Fans who went to rocker Jack White’s concert at Jacob’s Pavilion in Cleveland Wednesday night were told to lock up their cell phones or leave them in the car. It’s a growing trend among artists who are fed up with people taking photos or video and not paying attention to their show.

Cleveland.com life and culture reporter Annie Nickoloff says White and others like The Lumineers, Childish Gambino and Chris Rock are using San Fancisco start-up, Yondr.

She says the artists want fans to be present in the moment without distractions.

It's also about coypright.

"When you're taping [the music] and posting it on YouTube and potentially making money from it, that gets in the way of artists' rights."

Credit Yondr
Four-year-old San Francisco start-up Yondr has made it possible for artists to ban cell phones at their concerts

How it works
"When you get to the concert, you get a cloth pouch to put your phone in. It locks up and you cannot access your phone unless you go to an unlocking station elsewhere in the venue."

She says Yondr allows you to keep to your phone on you, so you can put it in vibrate mode and still receive notifications.  

Still, Nickoloff says she doesn't like the idea of having to leave the show to stay connected.
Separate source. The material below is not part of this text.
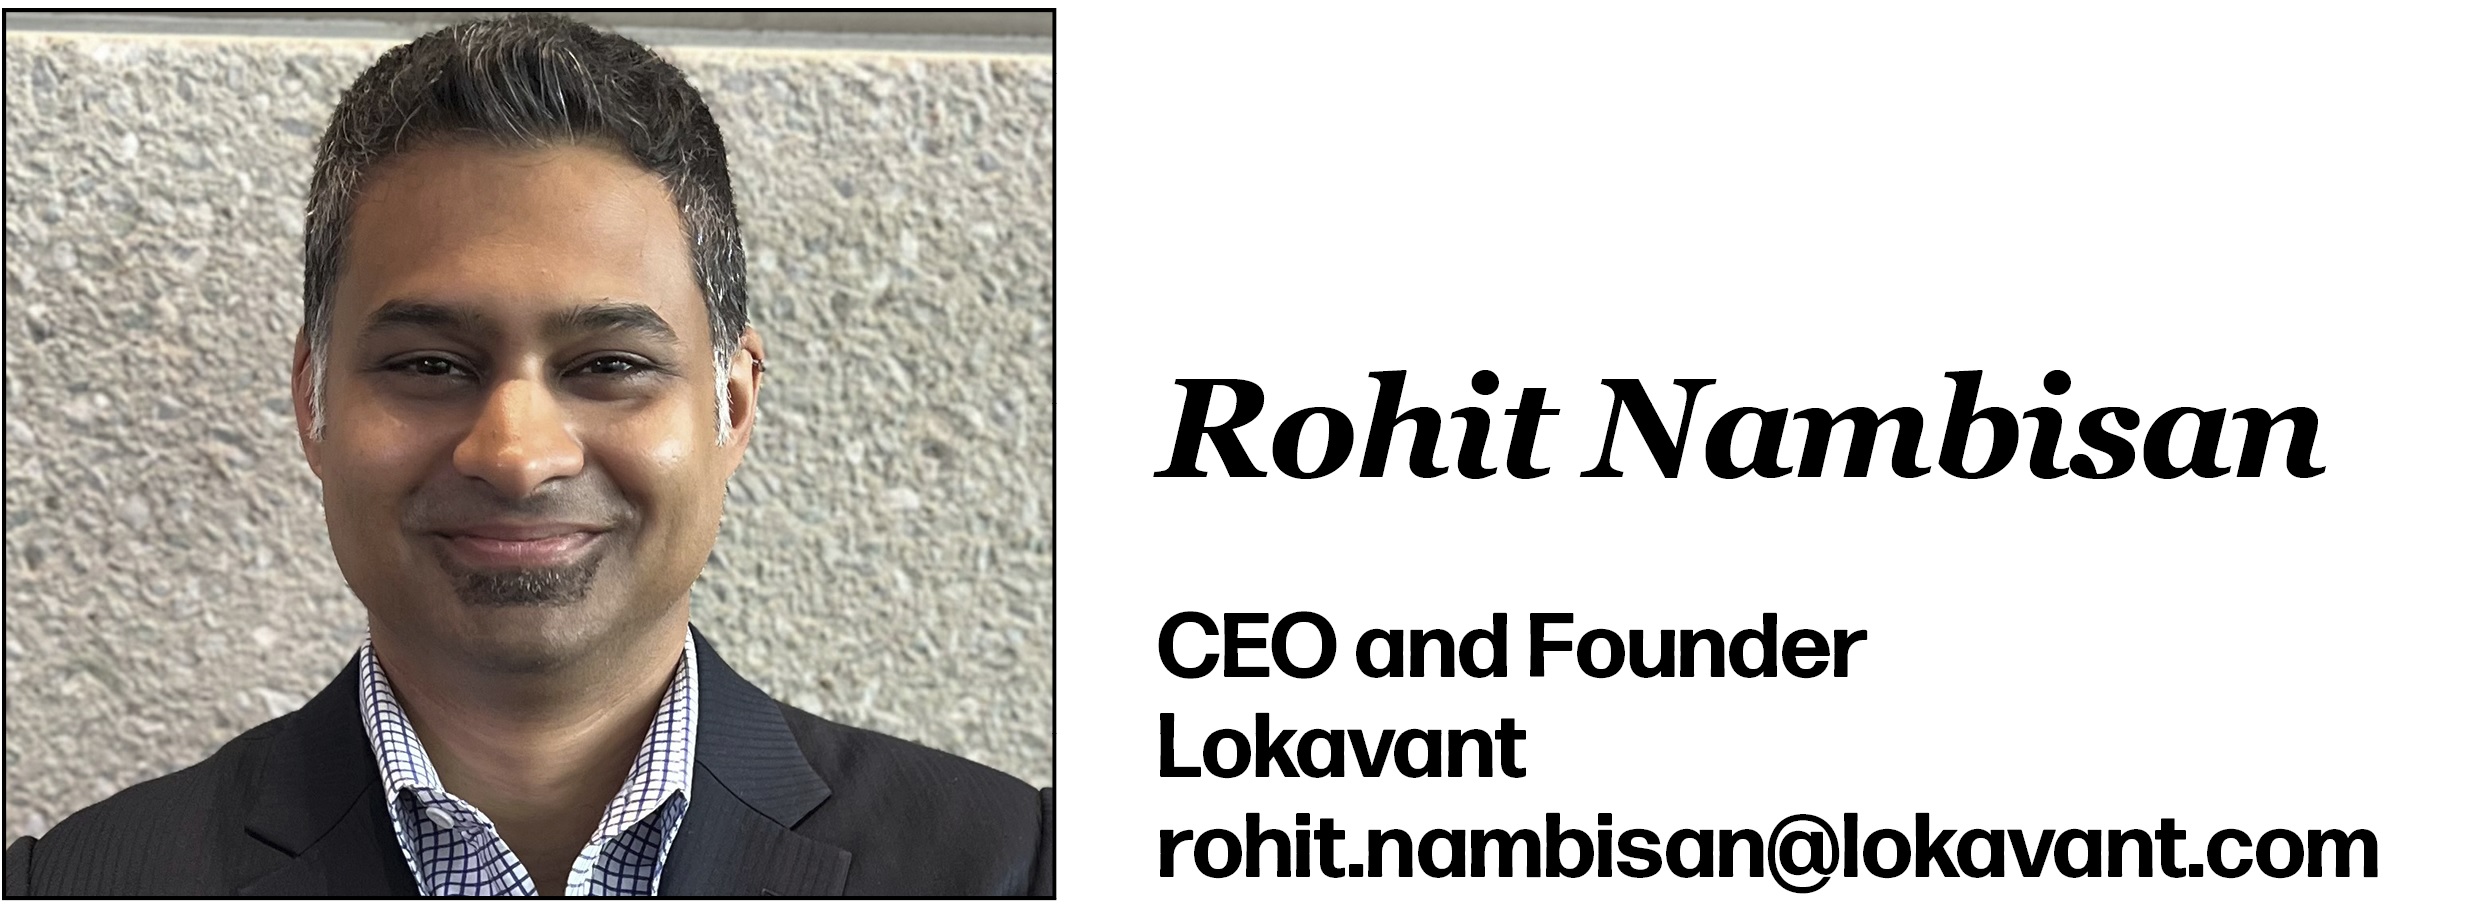 Rohit Nambisan CEO and Founder Lokavant rohit.nambisan@lokavant.com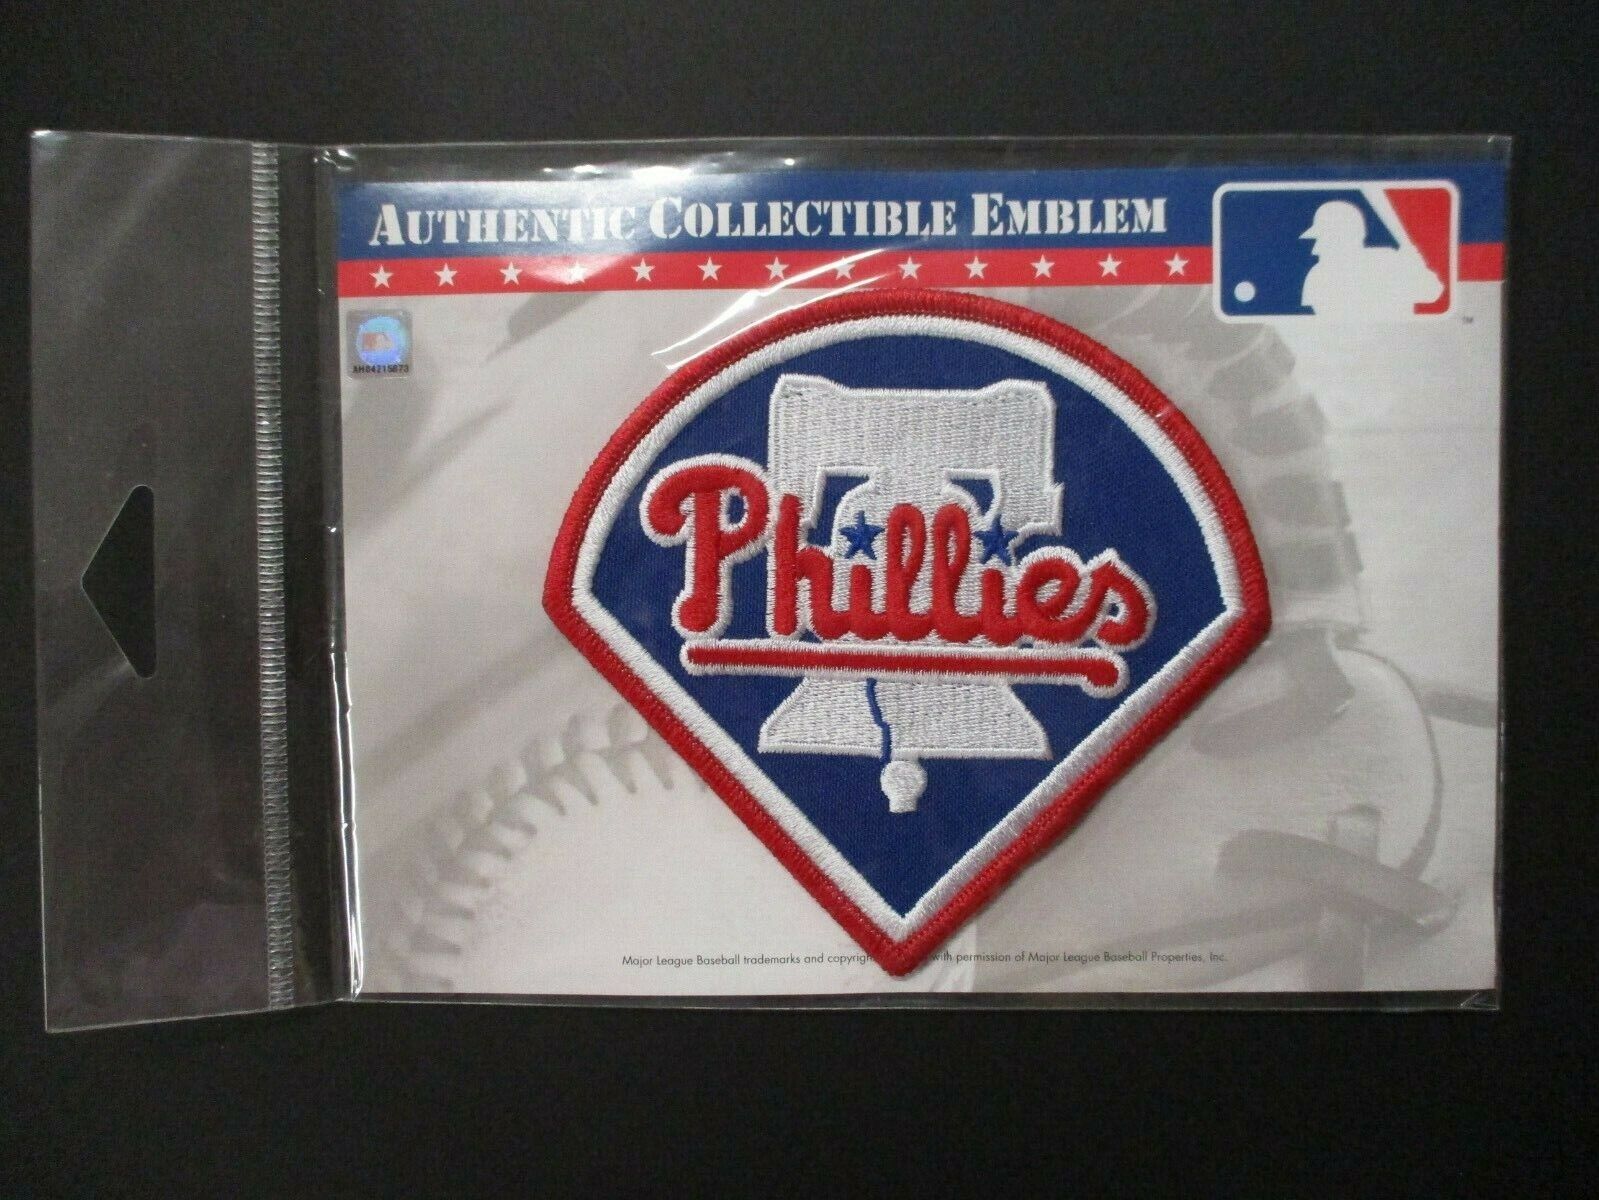 Philadelphia Phillies Authentic Collectible Emblem Patch Size 4 x 4.25 inches

"I like to have my phone on me whenever I need it for an emergency. I think it's better for the artsist to encourage us in other ways. I'll put it away if they ask me to. It's not a big deal. But this seems a little too far."

Pros and cons
When Jack White annouced his no-cell phone policy, Nickoloff wrote an article on Cleveland.com, asking readers for feedback. 

Credit Annie Nickoloff
Annie Nickoloff is Cleveland.com's life and culture reporter

"The main theme was safety. Some people referenced instances of terrorism, like the Ariana Grande concert in Manchester, England." A suicide bomber killed 22 people at the end of Grande's concert in May 2017.

"If something like that were to happen, they would want access to their phones," Nickoloff says. 

However, some people liked the concept.

"They mentioned that they're annoyed when they go to shows and don't want to see hundreds of teenagers with their phones Snapchatting the entire show."   

Here to stay
While Nickoloff acknowledges it's a divisive issue, she thinks Yondr will become more common at concerts.

"I think it's definitely a trend that's catching on. You're going to see artists who feel strongly about this, starting to use this technology."

She also says Yondr is being used in other settings. Schools and courtrooms are also using the pouches as a way to keep cell phone-use at bay.